DESCRIPTION OF THE TASK:
Return the listing exactly as it appears, but strip out the images.

DATA EXCERPT:
== Segment start ==
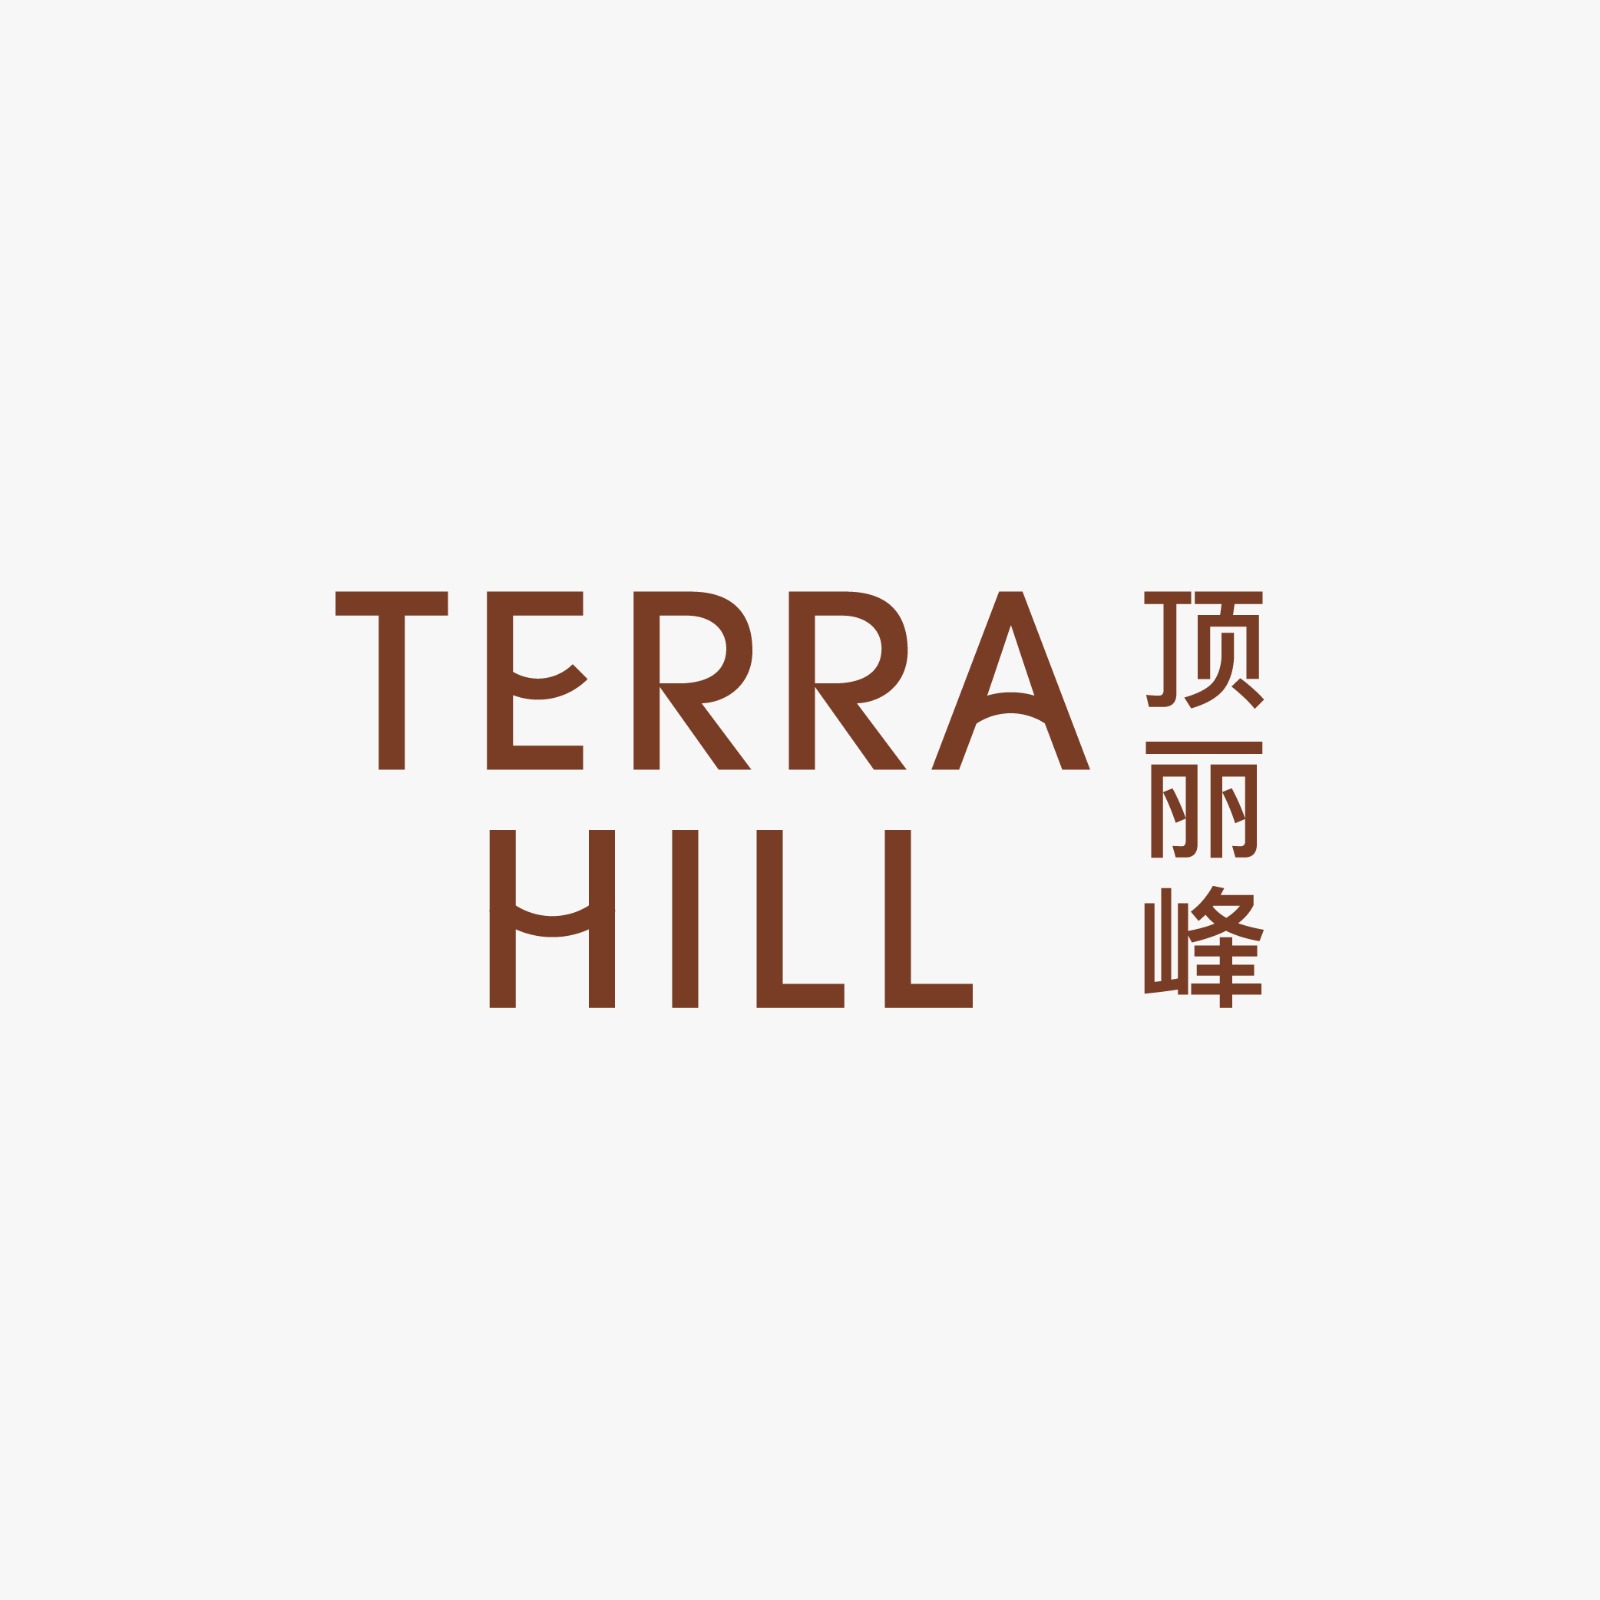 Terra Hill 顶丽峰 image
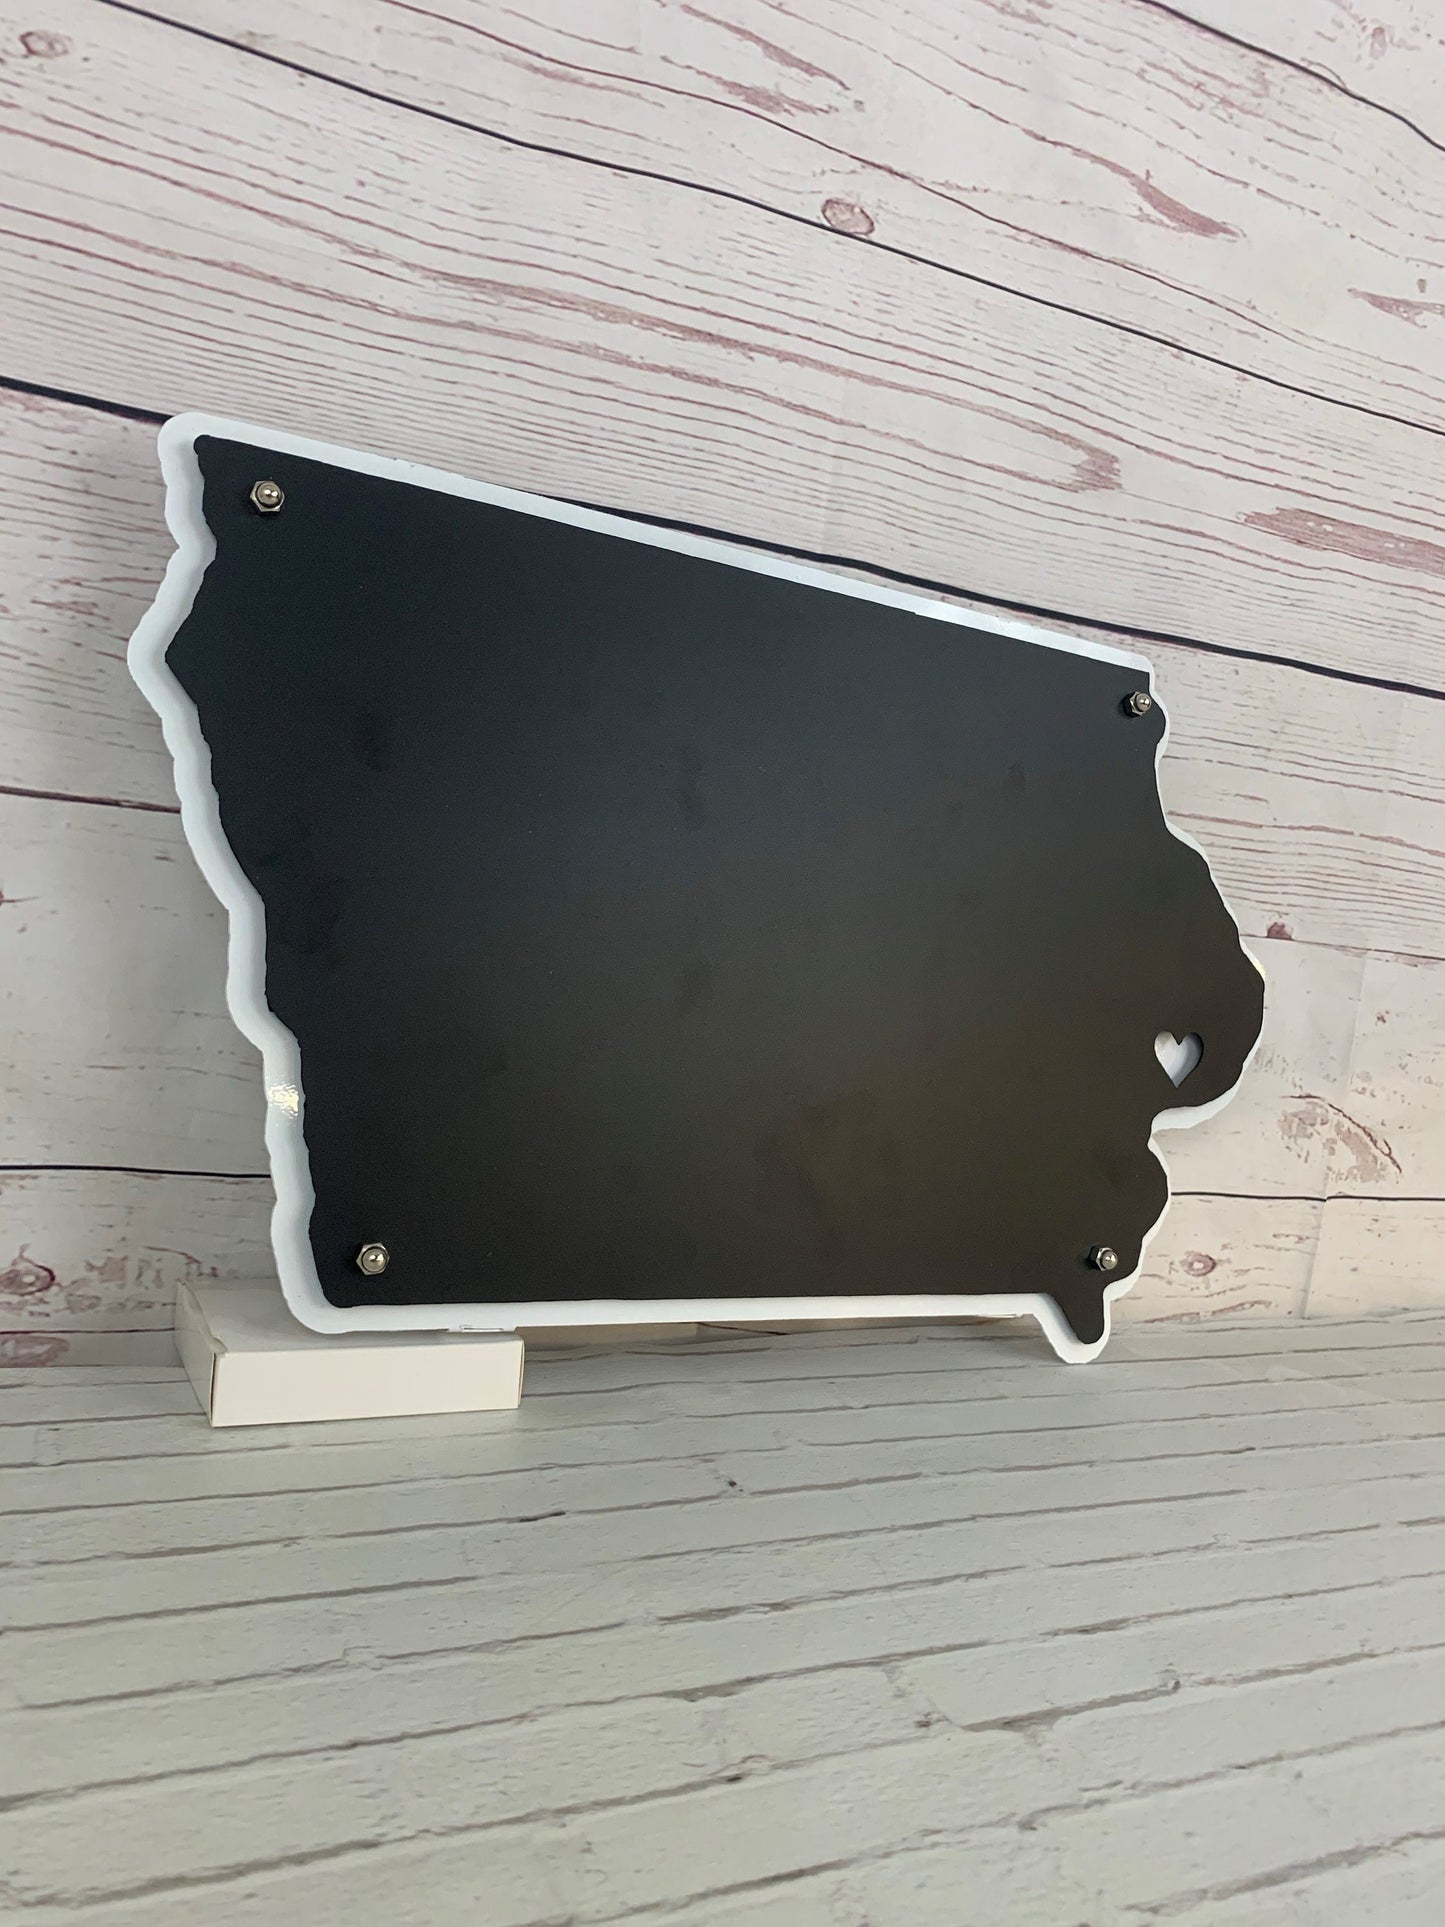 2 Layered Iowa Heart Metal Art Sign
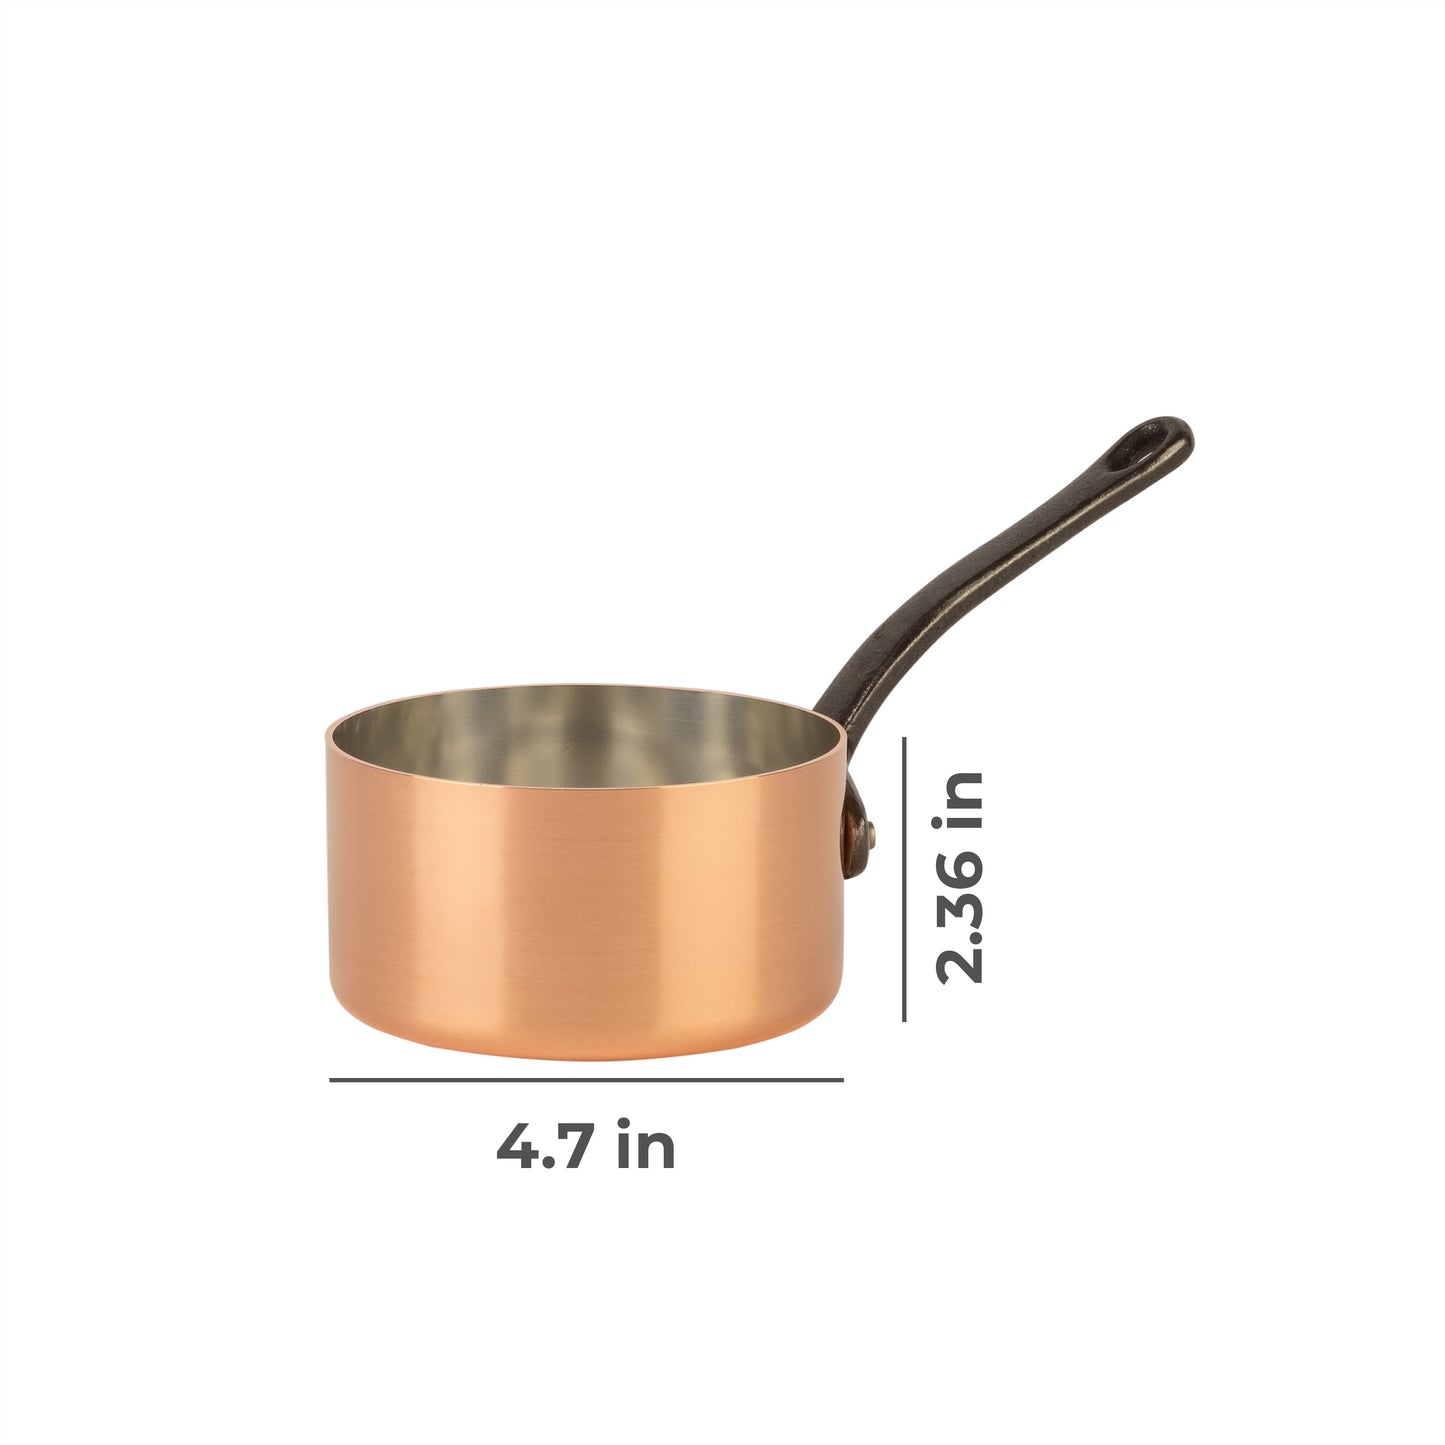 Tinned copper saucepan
== Segment end ==
SOLUTION TO THIS TASK:
 Terra Hill 顶丽峰 image
 2 Layered Iowa Heart Metal Art Sign
 Tinned copper saucepan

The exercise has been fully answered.